Lowry And His Matchstick Men March Into Tate Britain

Tabish Khan
By Tabish Khan Last edited 129 months ago
Lowry And His Matchstick Men March Into Tate Britain
L.S. Lowry The Fever Van 1935.
Walker Art Gallery (Liverpool, UK)
L.S. Lowry The Fever Van 1935. Walker Art Gallery (Liverpool, UK)
L S Lowry Piccadilly Circus, London 1960. 
Private collection © The Estate of LS Lowry
L S Lowry Piccadilly Circus, London 1960. Private collection © The Estate of LS Lowry
L S Lowry Industrial Landscape 1955. 
© The estate of L.S. Lowry Photo: Tate Photography
L S Lowry Industrial Landscape 1955. © The estate of L.S. Lowry Photo: Tate Photography

Controversy has marked the lead-up to this major retrospective of Lancashire-born painter L.S. Lowry (1887 - 1976). Lowry's proponents claim that he has been largely ignored due to a North-South divide and because he painted the working class. His detractors, meanwhile, say that he just wasn't that good a painter, and all his work is essentially the same. Now that the exhibition has arrived, what should we make of it?

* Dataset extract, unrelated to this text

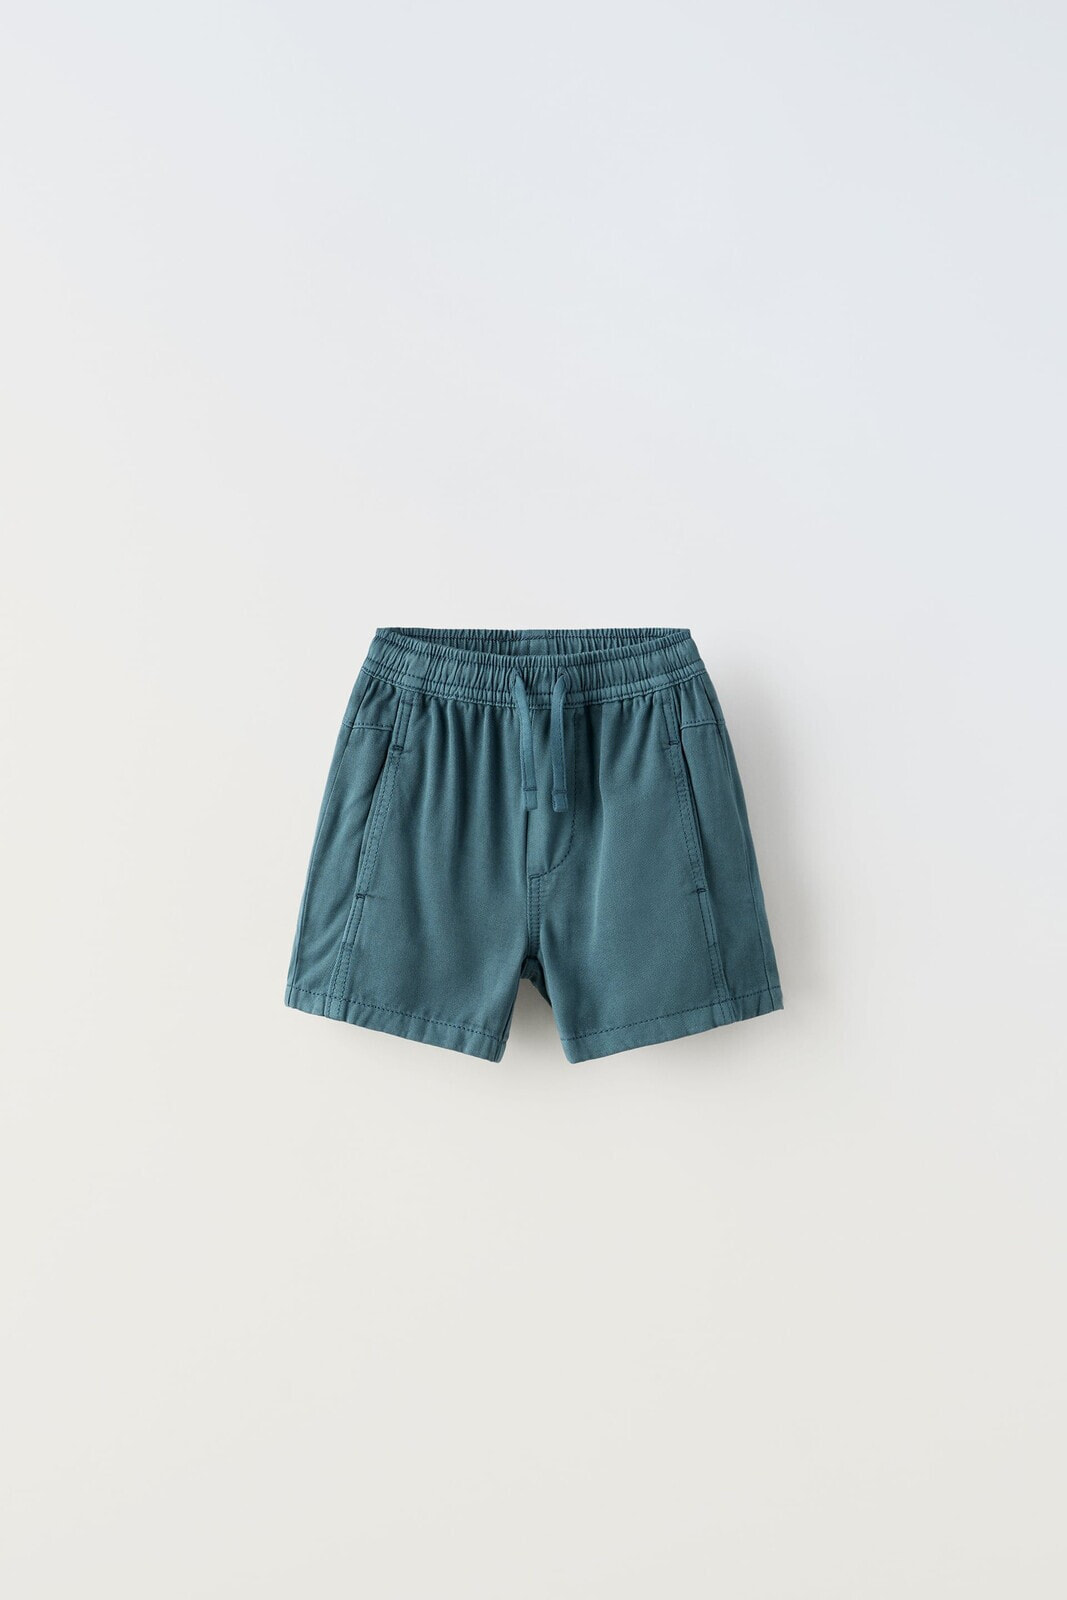 Flowing bermuda shorts

A certain grimness pervades most of Lowry's work. People trudge to the football match with heads bowed against the wind and miserable grey skies — none of the cheer you'd expect from a sporting fixture. Even at a local fair with entertainers and happy children, the sun still refuses to break through, and the joyous moments feel fleeting.

Quotes on the wall throughout the exhibition make it clear that it wasn't the best of times up in the industrial north, and nobody captures this better than Lowry. The work progressively gets darker as we see houses destroyed by the Blitz and landscapes laid to waste by industrial plant — in some works it feels as if the soot and grime of pollution have seeped into the paintings.

The exhibition is not perfect. A diversion that compares Lowry with Impressionists feels forced. Some of his later work seems too close to caricatured drawings. But the exhibition opens and closes with a bang, with vast cityscapes and landscapes framing an excellent retrospective.

Those who've never liked Lowry's work might not be swayed, as he never strayed too far from his signature style, but if you're a fan of his work or merely interested then this is about as good a Lowry exhibition as you're ever likely to see. The summer exhibitions from the major galleries so far haven't measured up to the superb spring line-up, but this exhibition bucks the trend and gets our seal of approval.

Lowry and the Painting of Modern Life is on at Tate Britain until 20 October. Tickets are £16.50, concessions available.